その大半はカリフォルニア州を拠点とするポジションに関するもので、ニューヨーク州やワシントン州のポジションはごくわずかにとどまる。
ByteDanceの採用は、財務や法務のようなコーポレートサポート部門に集中していて、(グローバルで7つのアプリを運営する)同社のどの部局あるいはどのプロダクト部門にも空きポジションがある。
一方、TikTokのほうは、コンテンツモデレーションやプロダクトデベロップメント、セキュリティなどTikTokアプリに特化した部門の採用が中心だ。
米労働省が公開したデータに記された提示給与額は、外国人雇用証明を申請するにあたって雇用主が正式に示した、特定の就労者に支払う最低賃金。所定の職種、業種において同等の能力をもつ従業員が受け取る平均報酬、いわゆる「相場賃金」にもとづいたもの。
企業はデータに記した以上の金額を支払うこともできるし、ストックオプションやグラント(補助や助成)で代替することもできる。実際、TikTokはアメリカベースの従業員に対し、報酬の一部をストックオプションで支払っている。
ByteDanceとTikTokの主要なポジションについて、2020年の給与額を具体的に見てみよう。

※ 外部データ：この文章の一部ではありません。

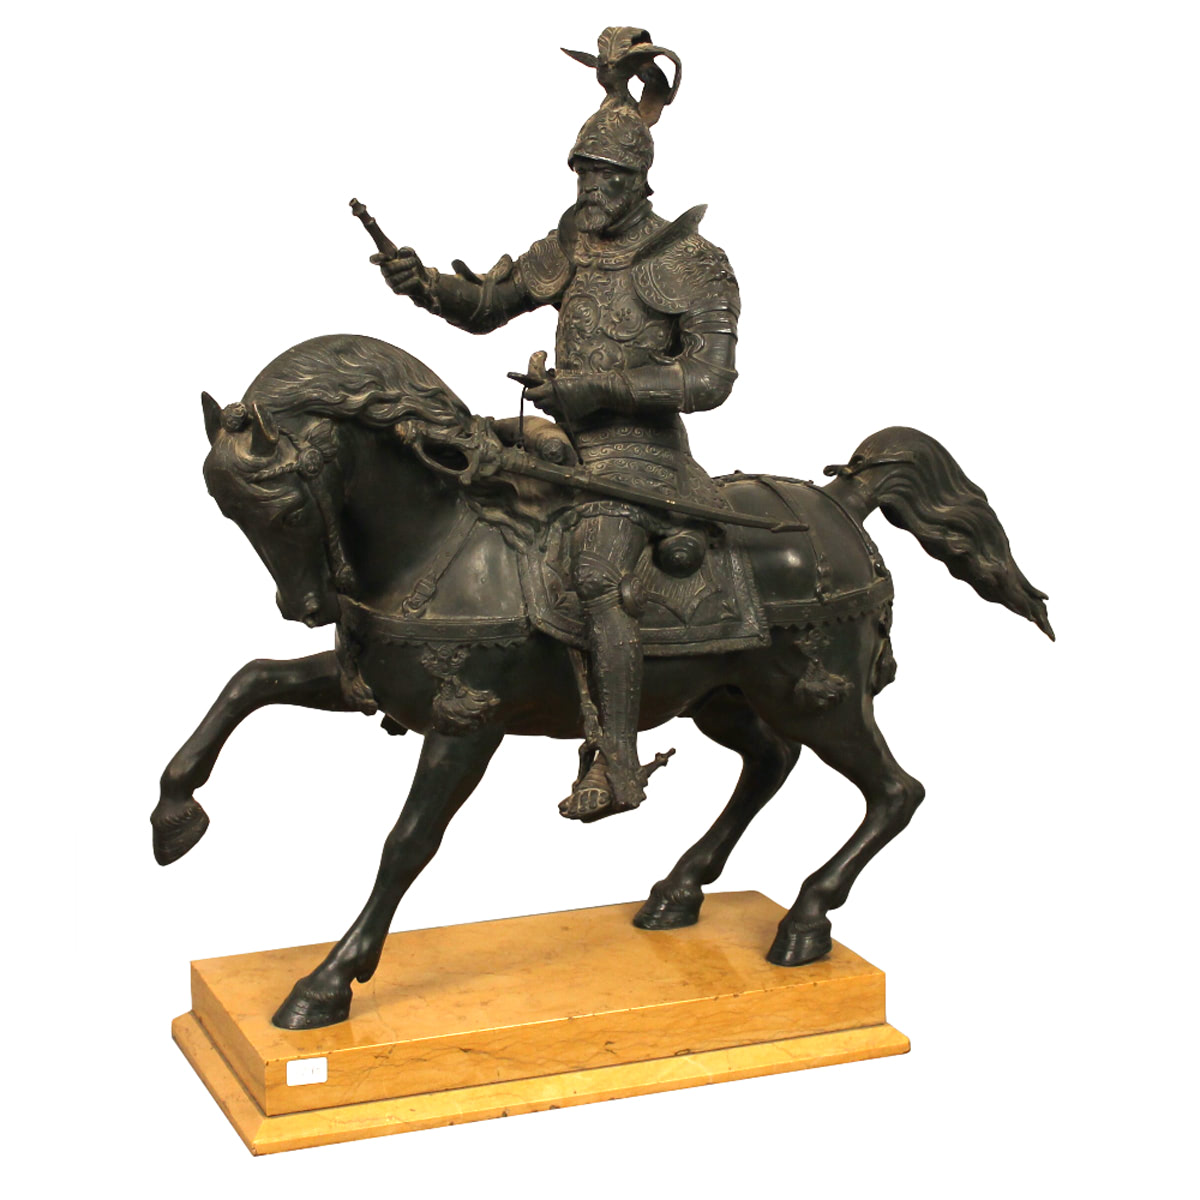 Condottiero a cavallo - Leader on horseback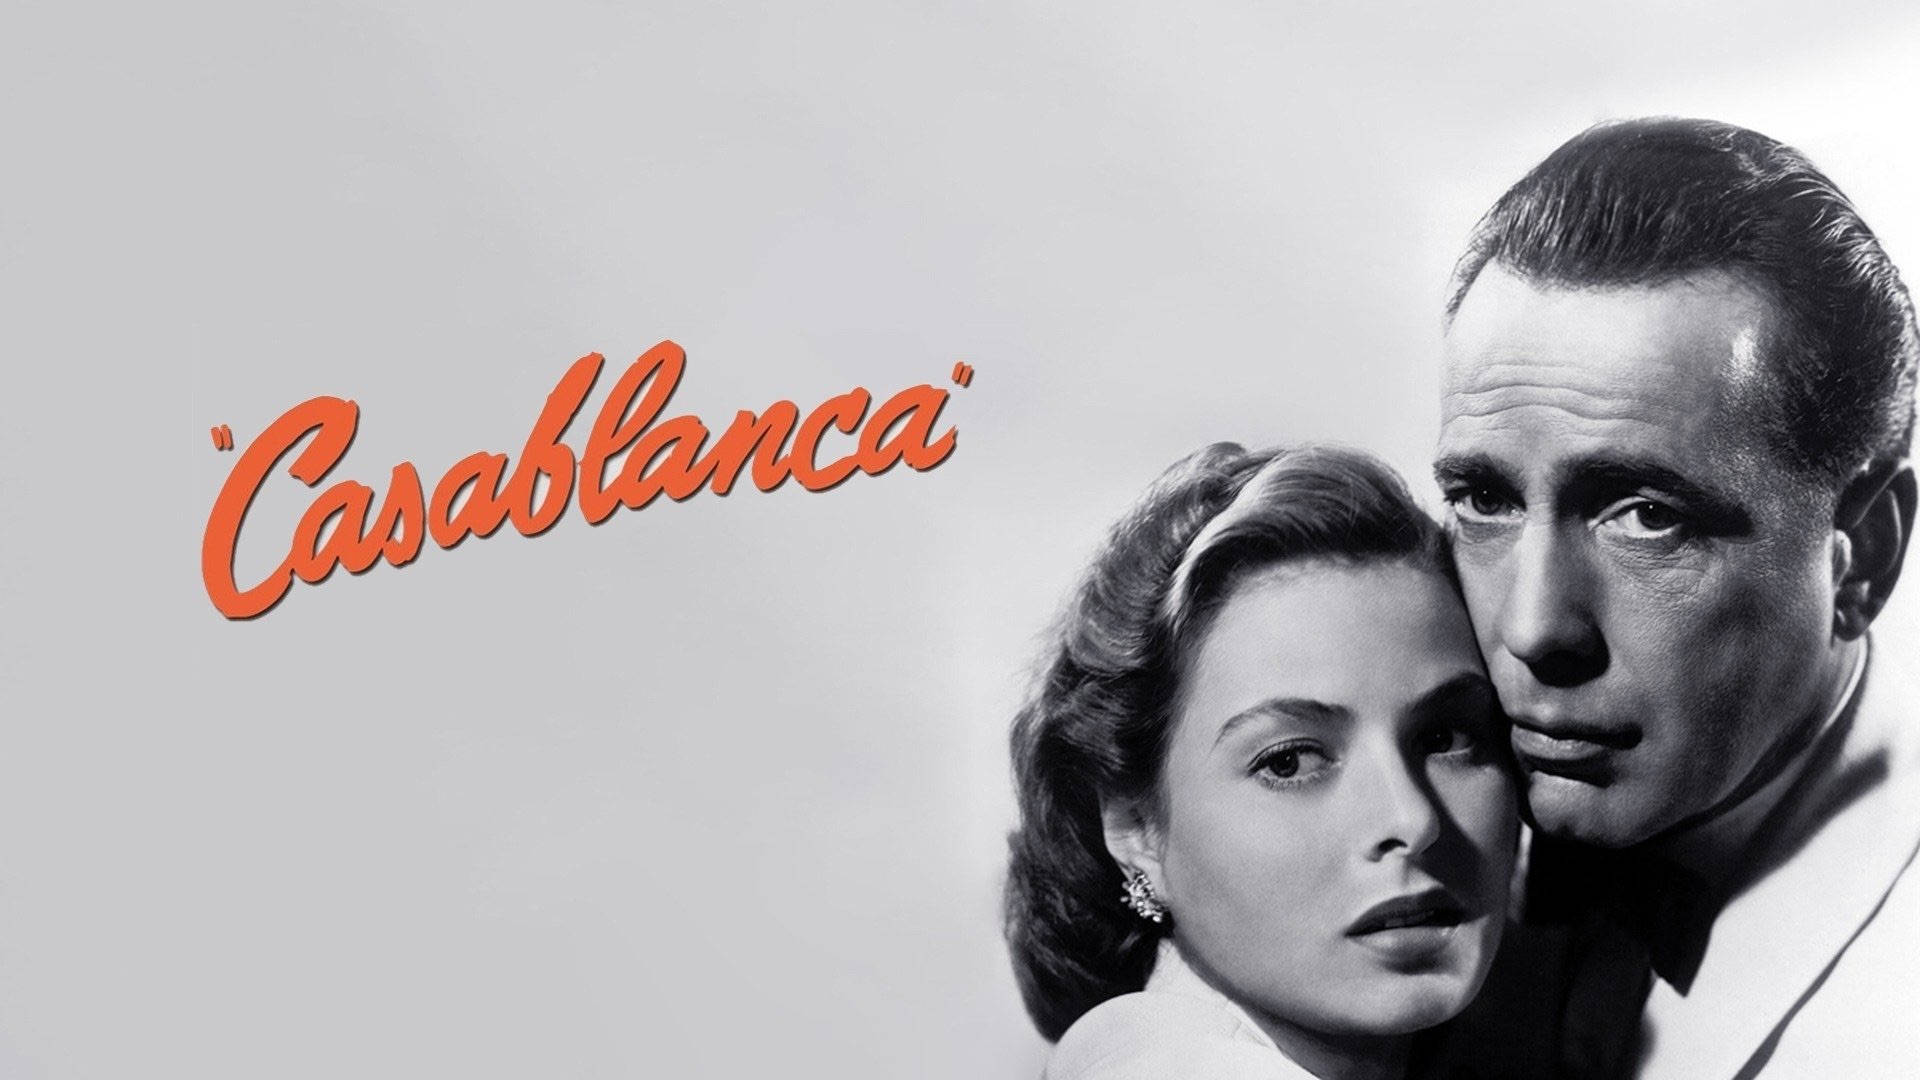 Casablanca Gray Aesthetic Wallpaper

プロダクト/エンジニアリング:8万9000ドル〜28万ドル
- ソフトウェアエンジニア:8万9900〜28万ドル
- プロダクト/UXデザイナー:12万〜18万ドル
- データエンジニア:14万5000〜25万6800ドル
- シニアソフトウェアエンジニア:16万〜26万4000ドル
データサイエンス/リサーチ:12万5000〜30万ドル
- シニアデータアナリスト:12万5000〜16万ドル
- データサイエンティスト:12万8000〜20万ドル
- リサーチサイエンティスト:13万8000〜20万ドル
- シニアデータサイエンティスト:22万8000ドル
- プリンシパルリサーチサイエンティスト:30万ドル
マネタイゼーション:5万1000〜25万2000ドル
- コンテンツコーディネーター:5万1000ドル
- コマーシャルプロダクトPRスペシャリスト:7万ドル
- コンテンツストラテジスト/ビジネスアカウント:8万9400ドル
- シニアマネージャー(マネタイゼーション):10万ドル
- マネタイゼーションストラテジー&オペレーションマネージャー:16万8000ドル
- ブランドパートナーシップマネージャー:12万9000〜14万5000ドル
- プロダクトストラテジースペシャリスト:15万ドル
- シニアマネージャー(レーベルライセンス&パートナーシップ):22万5000ドル
- シニアプロダクトマネージャー(コア広告):24万〜25万2000ドル
全体:4万9920〜30万ドル
TikTokの平均年収は17万5000ドル(外国人雇用証明申請54件から計算)、ByteDanceの平均年収は16万ドル(同187件から計算)だった。
他の主要なポジションの給与額は以下。
- 2D(イラスト等)アーティスト:8万ドル
- オーディオエンジニア:8万ドル
- HRビジネスパートナー:9万〜16万8000ドル
- 同時通訳:7万4000〜14万1000ドル
※米労働省が公開した外国人雇用証明申請データのうち、10件はByteDance・TikTok側がのちに取り下げたため、分析対象から除外した。